The 02.11.22 at 08:50, John Pettigrew wrote:
Does gocr require a specific bit depth, or resolution/font size?
I don't know.
It's *really worth finding this out! Otherwise, you suffer badly from GIGO.
What's GIGO? :-? I think I will need an "English email acronym dictionary" O:-)
I tried to scan as B/W only and the result was dissapointing, too many "dots".
That's just a problem of the contrast setting when you scanned. You need to tweak the scanning controls until you get a clean scan. This will usually not change much for a given scanner (unless you have very yellow paper or a strong background colour) so saving the setting is worth it.
That's why I tried grays or color first, thinking that the ocr software would sort that out for itself. But the "clara" program wants B/W instead (.pbm format only).
if I scan at high quality a page, the software should be able to find that thresold on its own.
That's it - the higher quality the source image, the better the OCR software will do at character recognition. This is one area that consumer OCR applications have the advantage - someone's spent time putting serious image manipulation algorithms in there.

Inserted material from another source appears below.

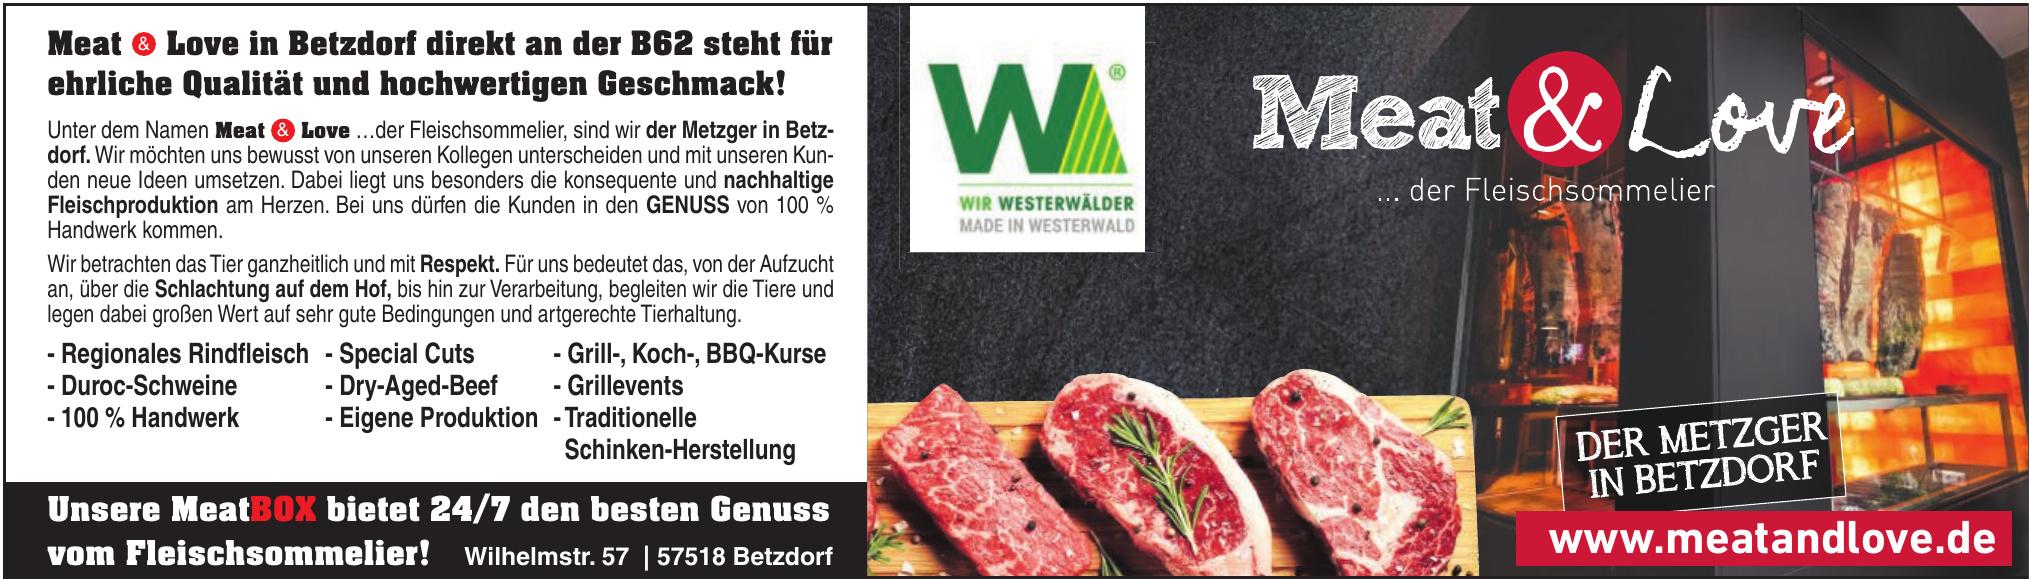 Meat & Love

I'm afraid that must be the problem.
specified resolution/font size of the program.
That resolution should be clearly stated by the program!
Absolutely. I've not got gocr installed, so can't easily check, but if there is such a requirement, it should (as you say) be in the man page or other documentation.
I think it should be somewhere on the program menu itself.
FWIW, most general OCR apps seem to consider 12 pt text at 300dpi to be a good starting point.
Yes, that's the resolution I tried.
I think image files specify the resolution used (or the real size, from which resoltution can be calculated), so the program can give a warning if it is not appropiate.
Some image formats do contain resolution information, but for OCR it's not actually crucial. The important point is the relationship between physical size of the text (e.g. 12pt) and the resolution (e.g. 300dpi). That is, for a smaller text, you need to increase the resolution, and vice versa.
That's understandable :-) -- Cheers, Carlos Robinson